An inequality on products of squared norms and dot products

While trying to prove some inequality on the determinant of a matrix, I came up with the following inequality:

Let $u$, $v$, $w$ be three vectors, I would like to show that

$\|u\|^2\|v\|^2\|w\|^2+2\langle u,v\rangle\langle u,w\rangle\langle v,w\rangle \ge \|u\|^2\langle v,w\rangle^2 + \|v\|^2\langle u,w\rangle^2 + \|w\|^2\langle u,v\rangle^2$

I have verified this inequality numerically for vectors of small dimensions using optimization library, so I believe it is correct, but fail to prove so.

It appears to be related to Cauchy-Schwarz inequality, but I don't think it is sufficient for proving it. There is maybe some generalization that I am not aware of. Any help will be appricated.


Solution 1:

Your inequality is juste the non-negativity of the determinant of the Gram matrix of $(u,v,w)$.

The Gram Matrix of a $m$-uple of vectors $(w_1,\ldots,w_m)$ is by definition $\big(\langle w_i,w_j \rangle\big)_{1 \le i,j \le m}$. It si always symmetric and semidefinite positive, so its determinant is non-negative.

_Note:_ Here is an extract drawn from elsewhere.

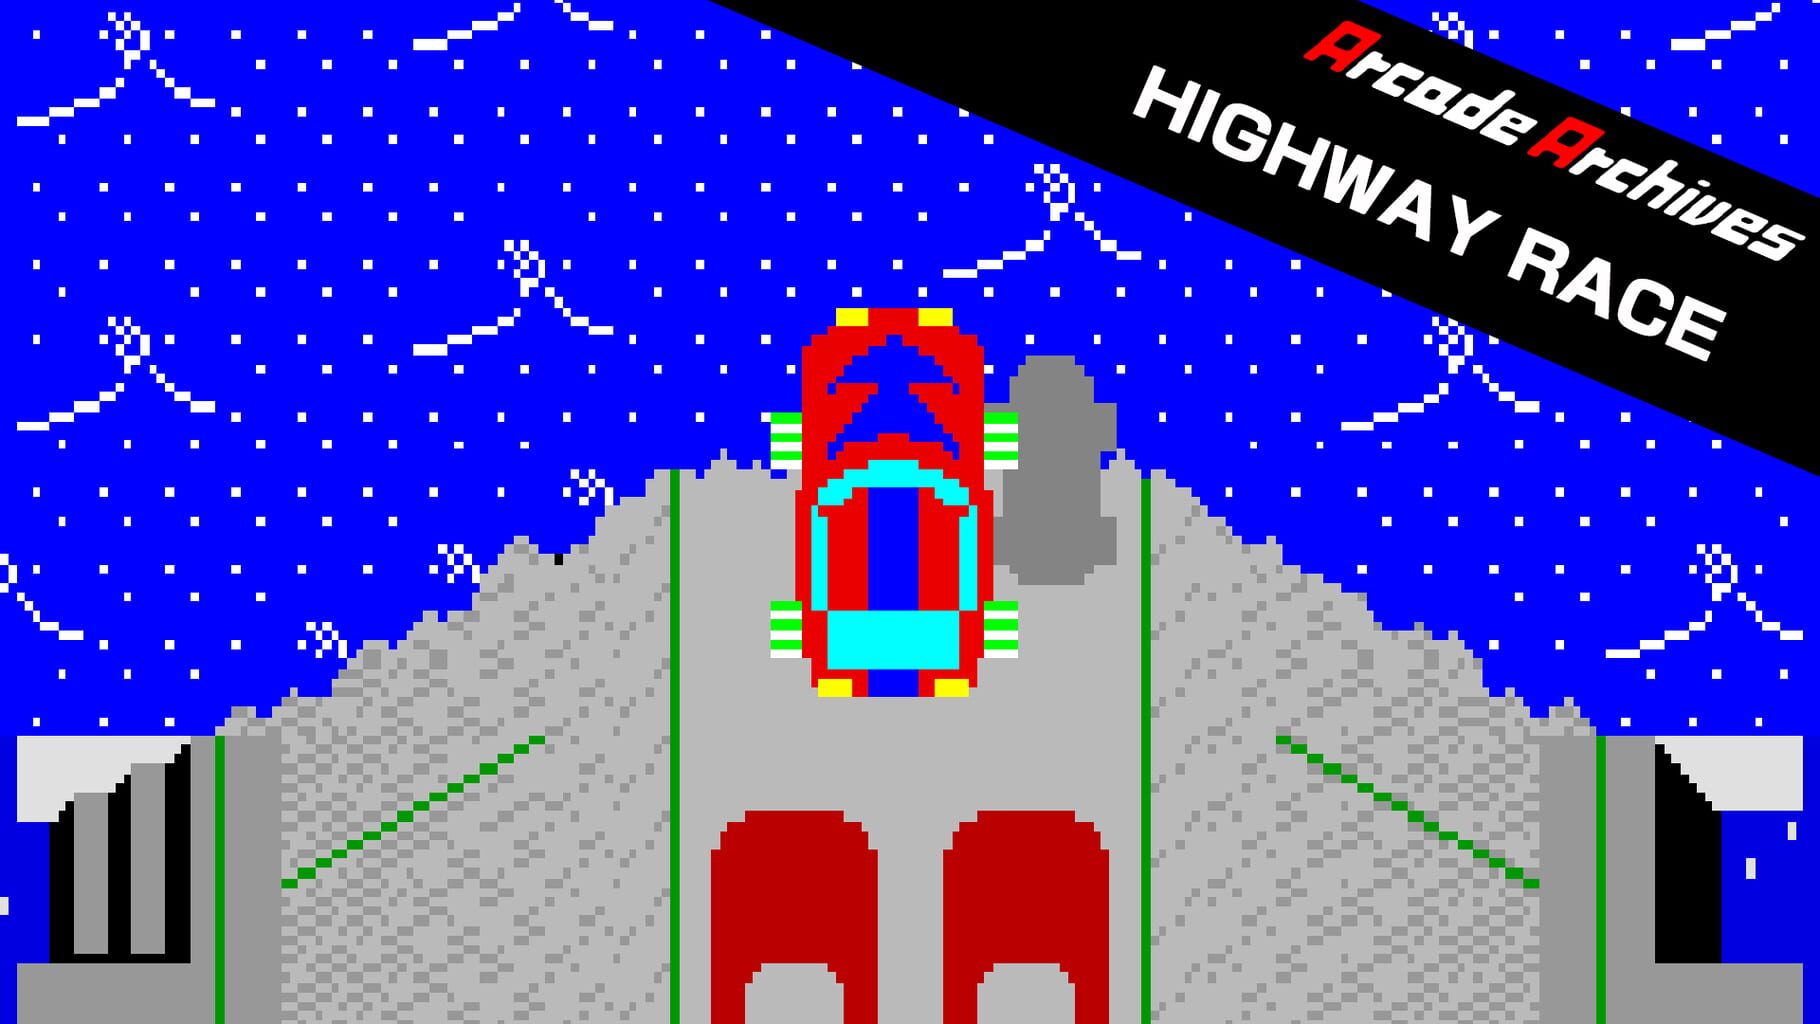 Arcade Archives: Highway Race artwork

Indeed, if $(e_1,\ldots,e_n)$ is any orthonormal basis of any subspace with finite dimension containing $x_1,\ldots,x_m$ and if A denotes the $n \times m$ matrix of $(w_1,\ldots,w_m)$ in the basis $(e_1,\ldots,e_n)$, then the Gram matrix of $(w_1,\ldots,w_m)$ is just the product $A^\top \times A$. And for every $X \in \mathbf{R}^m$ (identified with the space of all real $m \times 1$ matrices), we have $$X^\top \times A^\top \times A \times X = (A \times X)^\top (A \times X) = ||A \times X||_2^2 \ge 0,$$ where $||\cdots||_2$ denotes the canonical euclidian norm on $\mathbf{R}^n$.